Alors revenons à l'essentiel, aux fondamentaux, et laissons la vie nous prendre et nous quitter sans jamais plus avoir l'orgueil de cette soif d'immortalité. Se lever, respirer, lire, boire, se nourrir et observer le merveilleux cycle de la nature sans interventionnisme barbare, voilà un idéal vers lequel il serait bon de s'orienter.
Ce sont ces idées-là que suggèrent les histoires des personnages de
Jonathan Miles, en toile de fond, sans jamais les imposer ouvertement.
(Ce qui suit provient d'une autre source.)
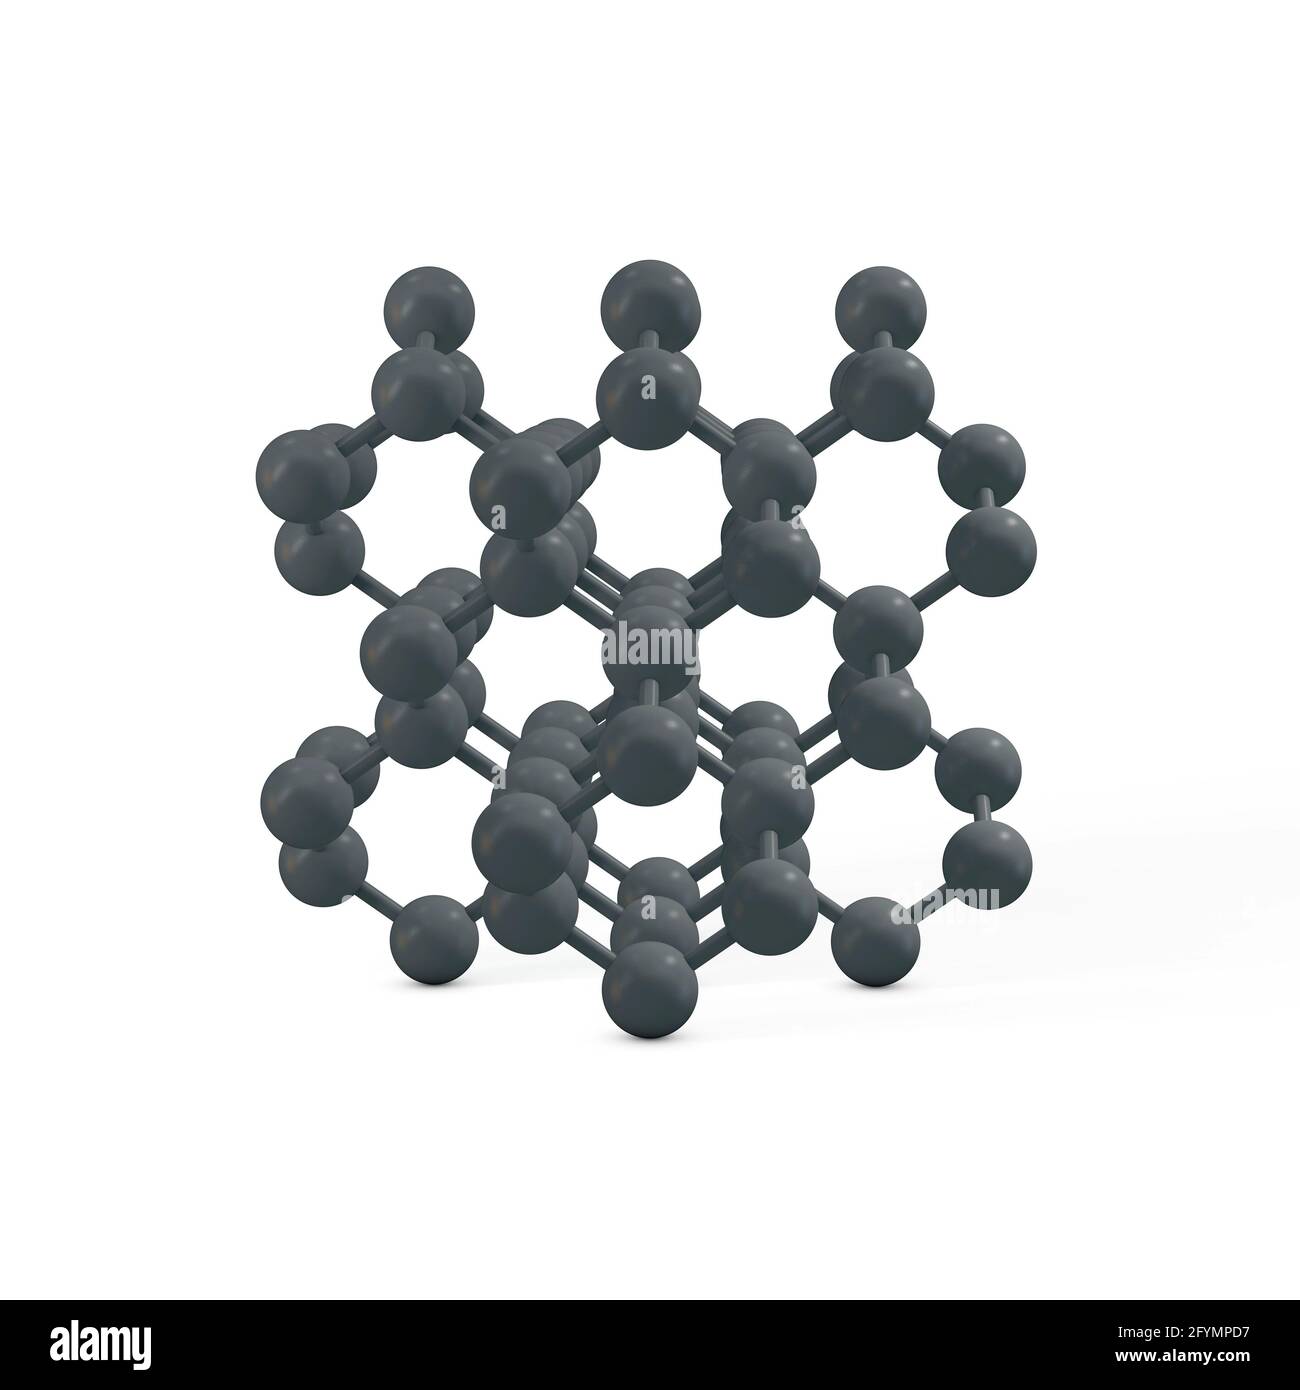 diamond structure vs graphite structure

Ils sont nous.
Il n'y a pas de revendication écologique dans la démarche de l'auteur, simplement une analyse des comportements ordinaires ignorés, refoulés dans une inconscience individuelle et collective mais qui mèneront l'humanité à sa perte.
Que s'est-il passé entre l'époque où l'homme pour subvenir à ses besoins chassait et celle où il pousse un caddy dans un supermarché ? l'évolution ? le progrès ?
Je recommande vivement la lecture de «
Tu ne désireras pas » de
Jonathan Miles, ne serait-ce que pour le moment de plaisir exquis, délectable et drôle que l'on passe, mal grès l'opacité et les borborygmes de certains passages.
Traduction remarquable de
Jean-Charles Khalifa.
La merveilleuse maison d'édition
Monsieur Toussaint Louverture, 464 pages.